━━━━━ Study material ━━━━━

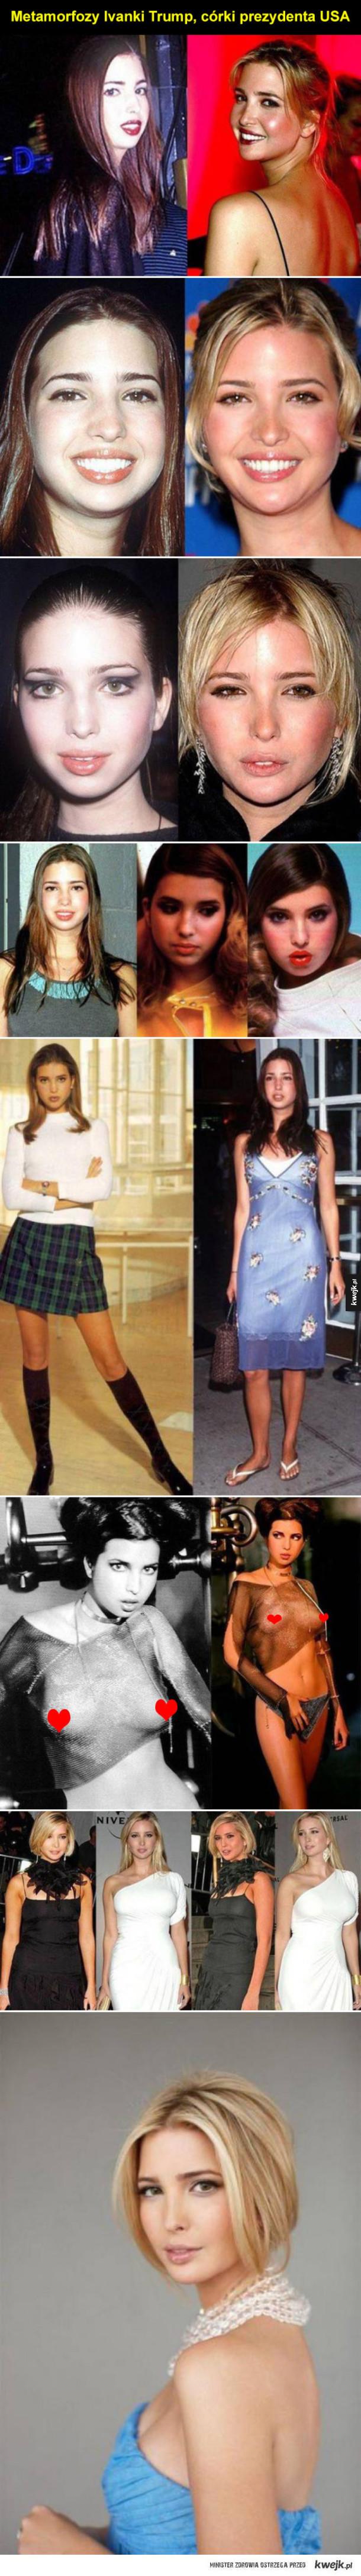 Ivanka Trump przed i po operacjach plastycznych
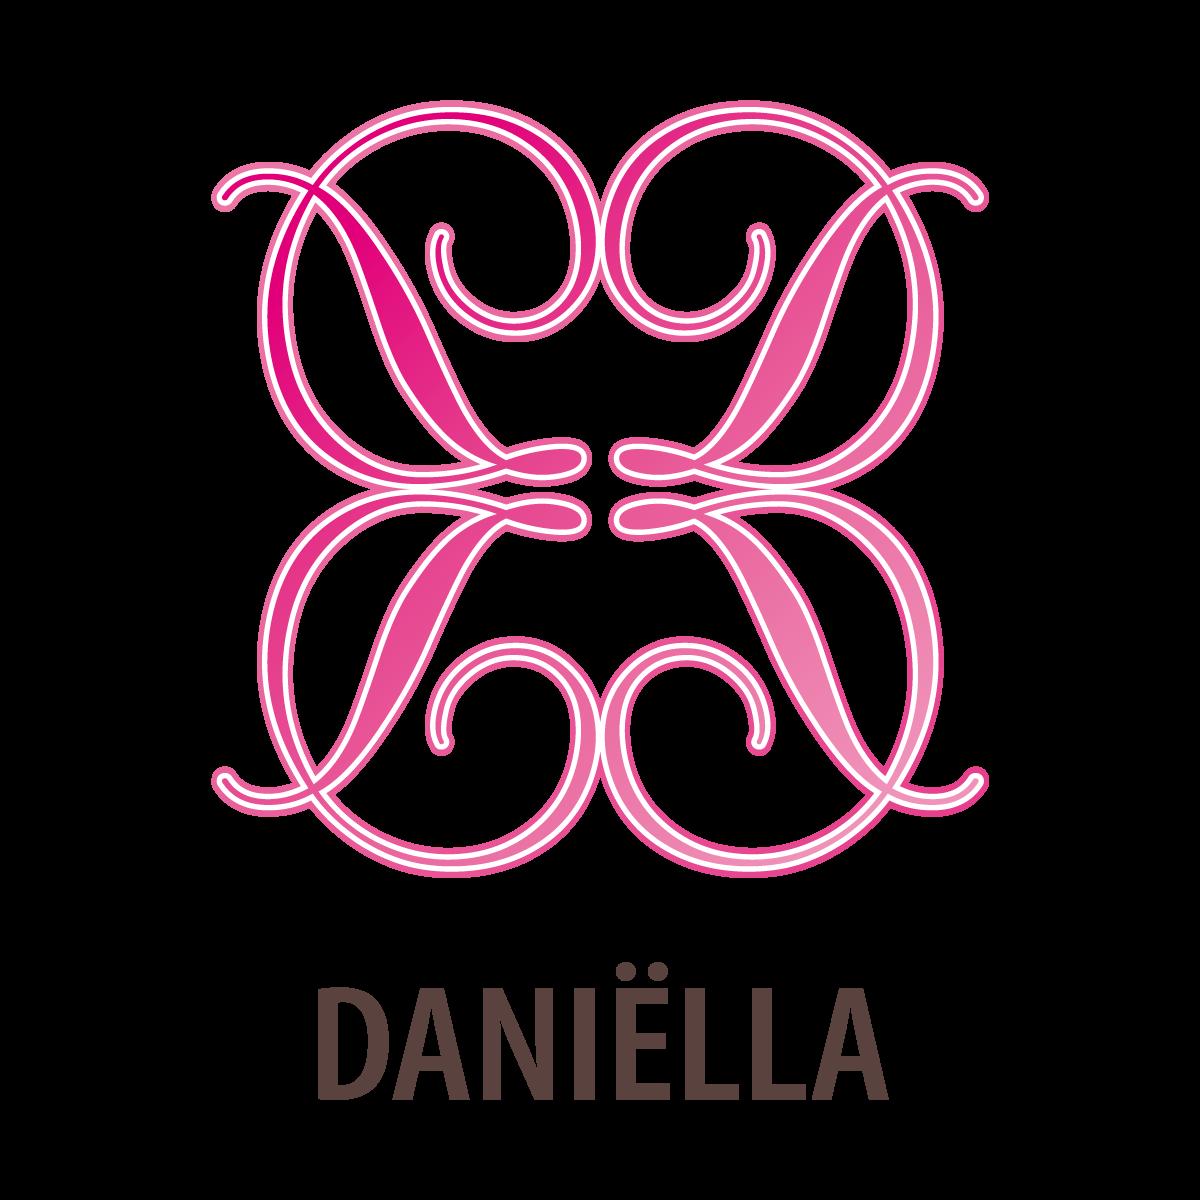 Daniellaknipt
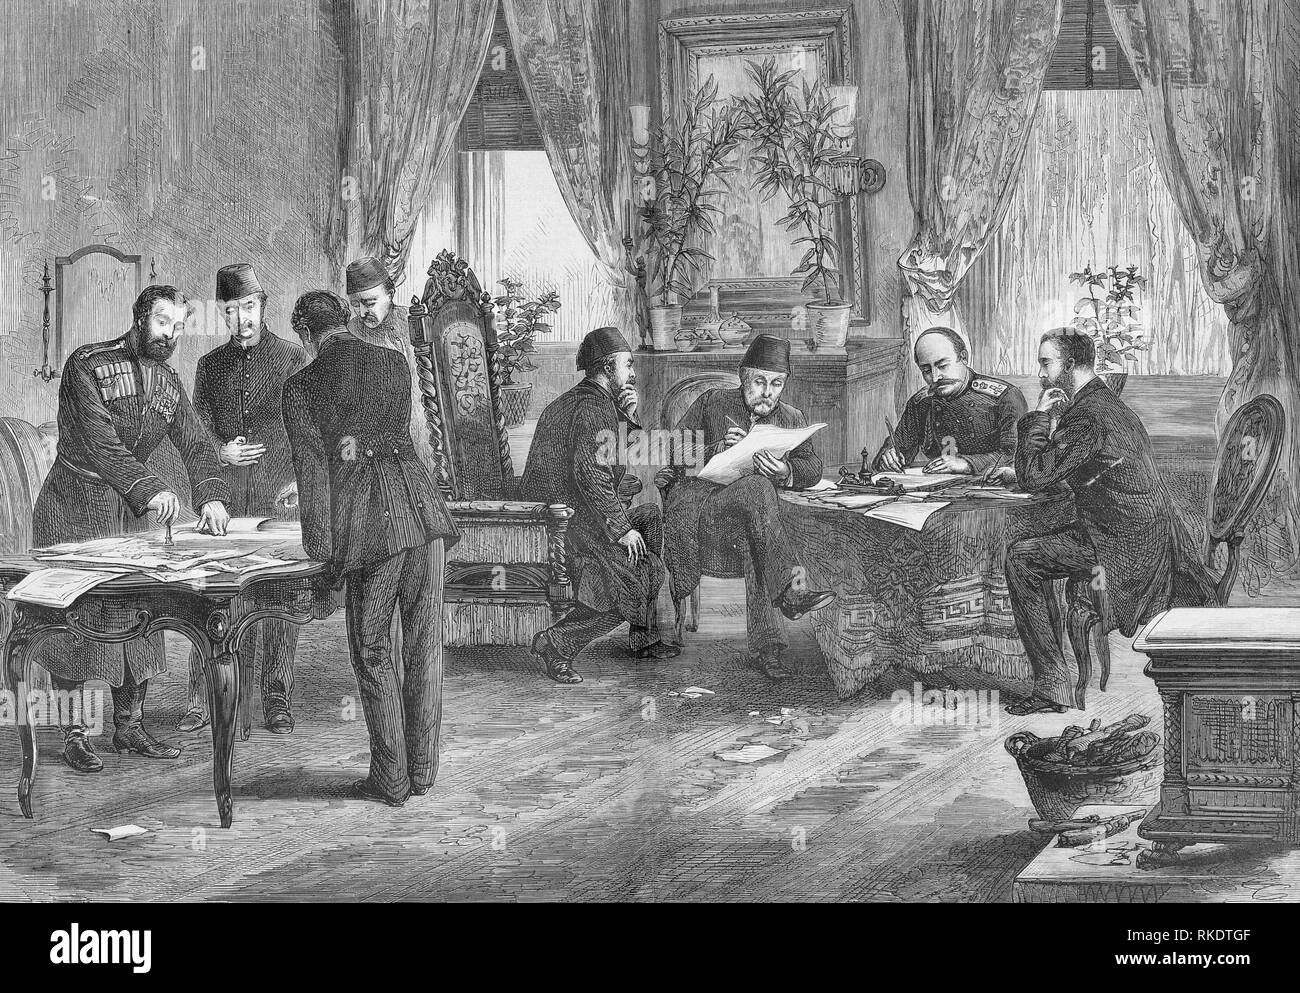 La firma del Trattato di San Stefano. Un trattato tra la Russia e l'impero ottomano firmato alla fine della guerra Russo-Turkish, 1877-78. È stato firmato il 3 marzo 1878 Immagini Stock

━━━━━
━━━━━ Study material ━━━━━

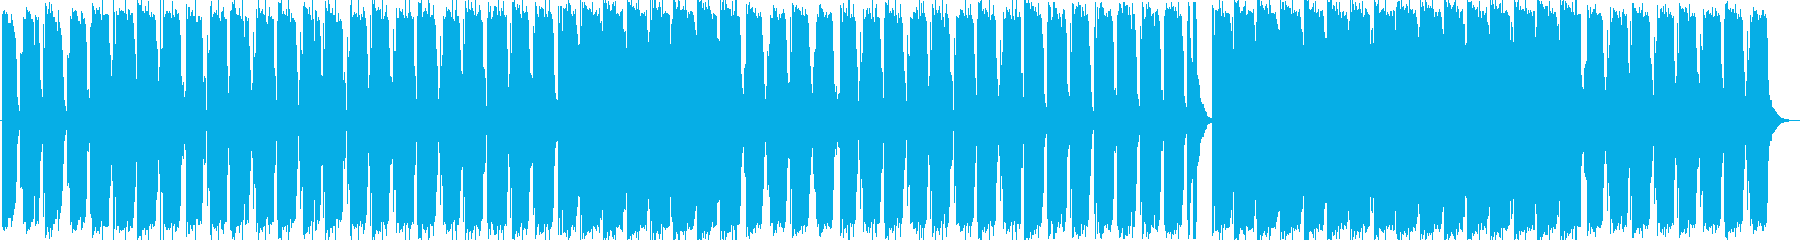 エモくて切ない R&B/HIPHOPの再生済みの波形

━━━━━

▶ **Directions for this task**:
Above, find the line holding "Daniellaknipt" and the line holding "La firma del". Print exactly those two lines and every line between them, but no pictures.

▶ **Task result**:
 Daniellaknipt
 La firma del Trattato di San Stefano. Un trattato tra la Russia e l'impero ottomano firmato alla fine della guerra Russo-Turkish, 1877-78. È stato firmato il 3 marzo 1878 Immagini Stock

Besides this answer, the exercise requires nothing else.